▶ _Requirement_
Beginning with the line that holds "Jardin Japonais Stock Photos" and finishing with the line that holds "randi k-main logos-05.png", repeat the listing exactly, leaving every picture out.

▶ _Task material_
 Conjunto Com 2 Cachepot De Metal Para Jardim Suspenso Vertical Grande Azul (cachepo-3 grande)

* * *

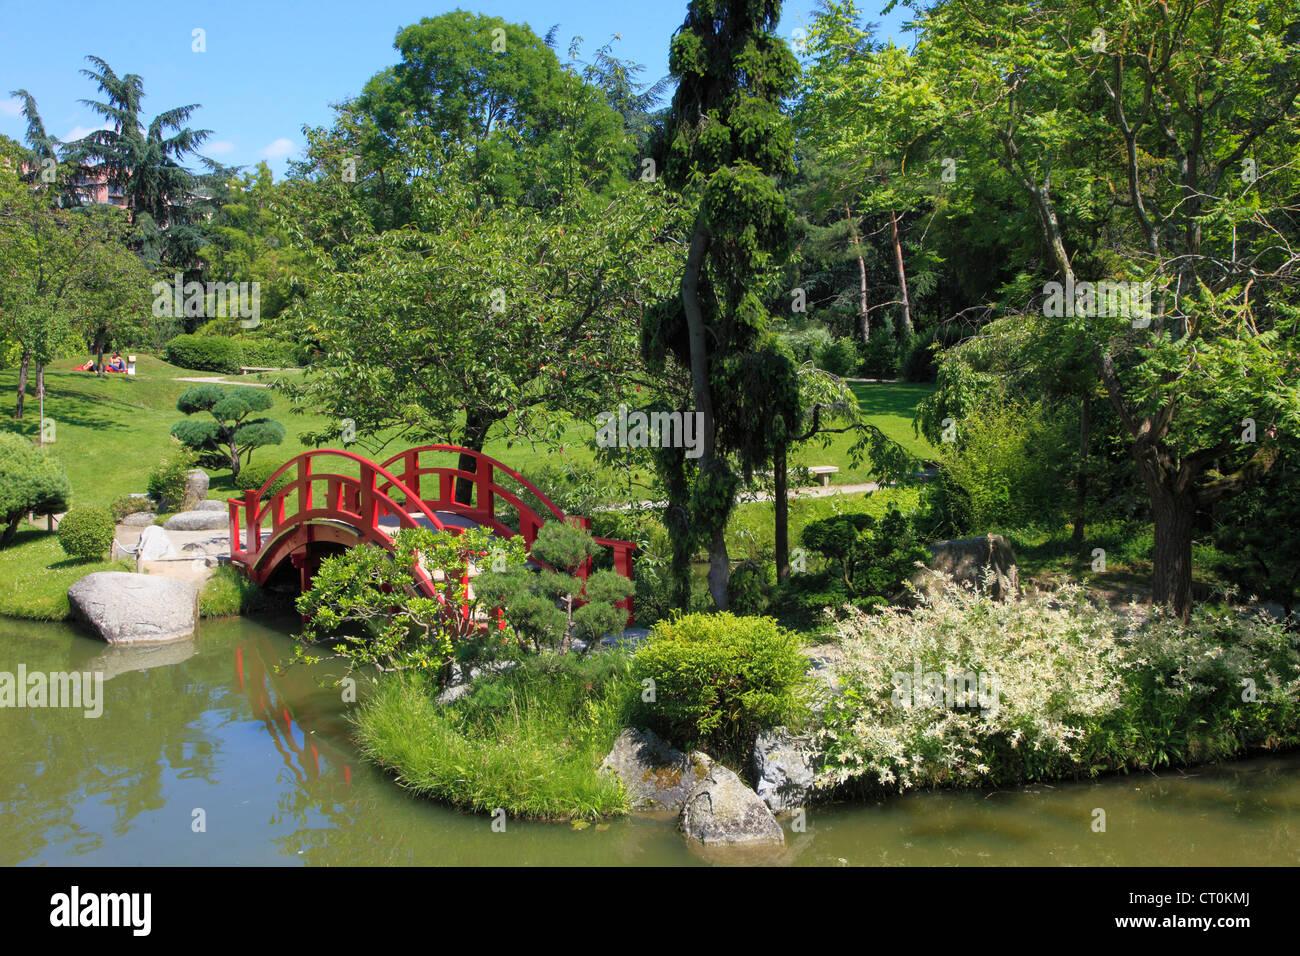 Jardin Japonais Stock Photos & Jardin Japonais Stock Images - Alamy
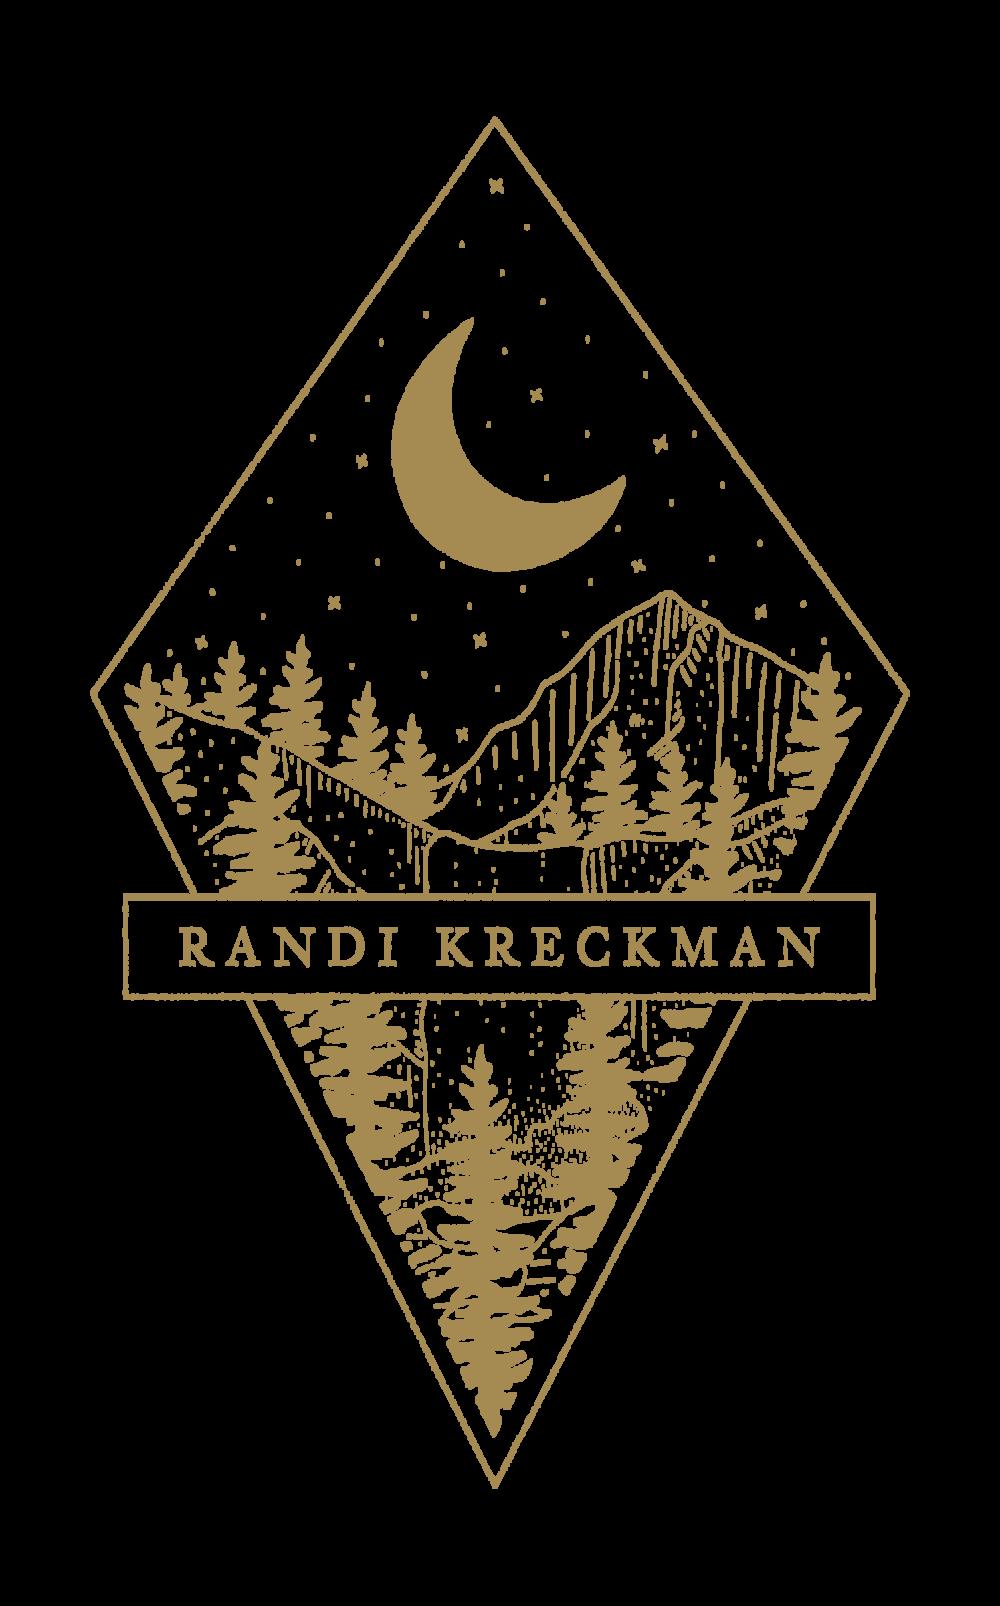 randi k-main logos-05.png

▶ _Answer below_
 Jardin Japonais Stock Photos & Jardin Japonais Stock Images - Alamy
 randi k-main logos-05.png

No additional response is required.